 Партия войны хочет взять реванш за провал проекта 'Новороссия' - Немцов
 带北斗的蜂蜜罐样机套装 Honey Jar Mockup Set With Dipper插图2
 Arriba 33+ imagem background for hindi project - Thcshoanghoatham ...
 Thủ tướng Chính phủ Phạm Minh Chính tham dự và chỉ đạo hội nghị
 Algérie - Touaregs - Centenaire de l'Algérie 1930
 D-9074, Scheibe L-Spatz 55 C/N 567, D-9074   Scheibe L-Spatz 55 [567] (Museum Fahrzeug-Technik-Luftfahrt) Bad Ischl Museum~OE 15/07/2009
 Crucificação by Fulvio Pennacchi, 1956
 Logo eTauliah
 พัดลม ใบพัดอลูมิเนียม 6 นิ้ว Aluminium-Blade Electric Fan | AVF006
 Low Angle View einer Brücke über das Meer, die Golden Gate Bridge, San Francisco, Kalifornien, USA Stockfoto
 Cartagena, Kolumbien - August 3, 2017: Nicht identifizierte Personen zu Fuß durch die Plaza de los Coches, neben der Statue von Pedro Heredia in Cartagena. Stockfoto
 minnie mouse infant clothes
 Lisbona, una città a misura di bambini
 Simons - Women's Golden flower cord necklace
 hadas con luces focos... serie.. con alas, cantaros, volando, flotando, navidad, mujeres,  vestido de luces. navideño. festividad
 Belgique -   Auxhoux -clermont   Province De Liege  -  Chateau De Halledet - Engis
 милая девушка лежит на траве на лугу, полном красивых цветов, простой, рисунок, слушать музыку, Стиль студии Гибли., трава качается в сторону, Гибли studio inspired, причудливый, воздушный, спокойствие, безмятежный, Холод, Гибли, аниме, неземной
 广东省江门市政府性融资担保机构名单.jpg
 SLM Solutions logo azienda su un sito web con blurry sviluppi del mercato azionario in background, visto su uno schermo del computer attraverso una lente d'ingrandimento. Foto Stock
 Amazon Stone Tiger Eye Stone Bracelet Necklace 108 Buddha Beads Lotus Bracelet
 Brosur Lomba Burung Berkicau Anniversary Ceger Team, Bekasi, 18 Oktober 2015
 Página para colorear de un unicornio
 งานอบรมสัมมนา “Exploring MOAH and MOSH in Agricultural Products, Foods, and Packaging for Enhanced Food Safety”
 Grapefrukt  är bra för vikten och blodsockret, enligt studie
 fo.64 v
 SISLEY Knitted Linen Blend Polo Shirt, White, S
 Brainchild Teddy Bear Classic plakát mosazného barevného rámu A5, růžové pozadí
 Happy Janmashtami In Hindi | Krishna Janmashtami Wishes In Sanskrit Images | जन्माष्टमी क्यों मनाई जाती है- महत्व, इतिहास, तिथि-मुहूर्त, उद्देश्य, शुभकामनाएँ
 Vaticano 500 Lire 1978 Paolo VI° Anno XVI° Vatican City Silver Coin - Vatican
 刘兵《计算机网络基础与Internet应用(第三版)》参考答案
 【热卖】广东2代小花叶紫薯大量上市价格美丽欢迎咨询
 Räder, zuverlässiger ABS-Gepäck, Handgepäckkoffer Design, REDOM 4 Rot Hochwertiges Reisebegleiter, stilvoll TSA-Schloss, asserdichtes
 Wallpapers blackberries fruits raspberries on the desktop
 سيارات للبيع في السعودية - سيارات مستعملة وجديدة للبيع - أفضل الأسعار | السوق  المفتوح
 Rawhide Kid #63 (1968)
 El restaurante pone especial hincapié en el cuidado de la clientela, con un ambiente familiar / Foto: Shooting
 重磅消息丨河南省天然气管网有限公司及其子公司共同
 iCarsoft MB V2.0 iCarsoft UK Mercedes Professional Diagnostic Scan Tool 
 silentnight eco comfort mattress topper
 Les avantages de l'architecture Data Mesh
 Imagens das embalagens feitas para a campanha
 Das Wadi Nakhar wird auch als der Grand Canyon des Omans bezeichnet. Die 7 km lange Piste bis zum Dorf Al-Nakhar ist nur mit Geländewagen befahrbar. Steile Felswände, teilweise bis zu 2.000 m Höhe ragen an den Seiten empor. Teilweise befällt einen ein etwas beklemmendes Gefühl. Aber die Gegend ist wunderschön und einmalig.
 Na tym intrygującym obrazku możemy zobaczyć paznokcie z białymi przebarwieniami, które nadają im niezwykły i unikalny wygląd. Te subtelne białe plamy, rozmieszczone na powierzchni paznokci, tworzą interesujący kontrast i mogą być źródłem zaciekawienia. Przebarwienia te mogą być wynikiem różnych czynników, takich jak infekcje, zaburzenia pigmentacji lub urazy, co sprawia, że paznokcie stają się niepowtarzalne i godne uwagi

▸ What this task involves:
If a line above holds the string "Stockfoto", return it as it stands.

▸ Task solution:
 Low Angle View einer Brücke über das Meer, die Golden Gate Bridge, San Francisco, Kalifornien, USA Stockfoto
 Cartagena, Kolumbien - August 3, 2017: Nicht identifizierte Personen zu Fuß durch die Plaza de los Coches, neben der Statue von Pedro Heredia in Cartagena. Stockfoto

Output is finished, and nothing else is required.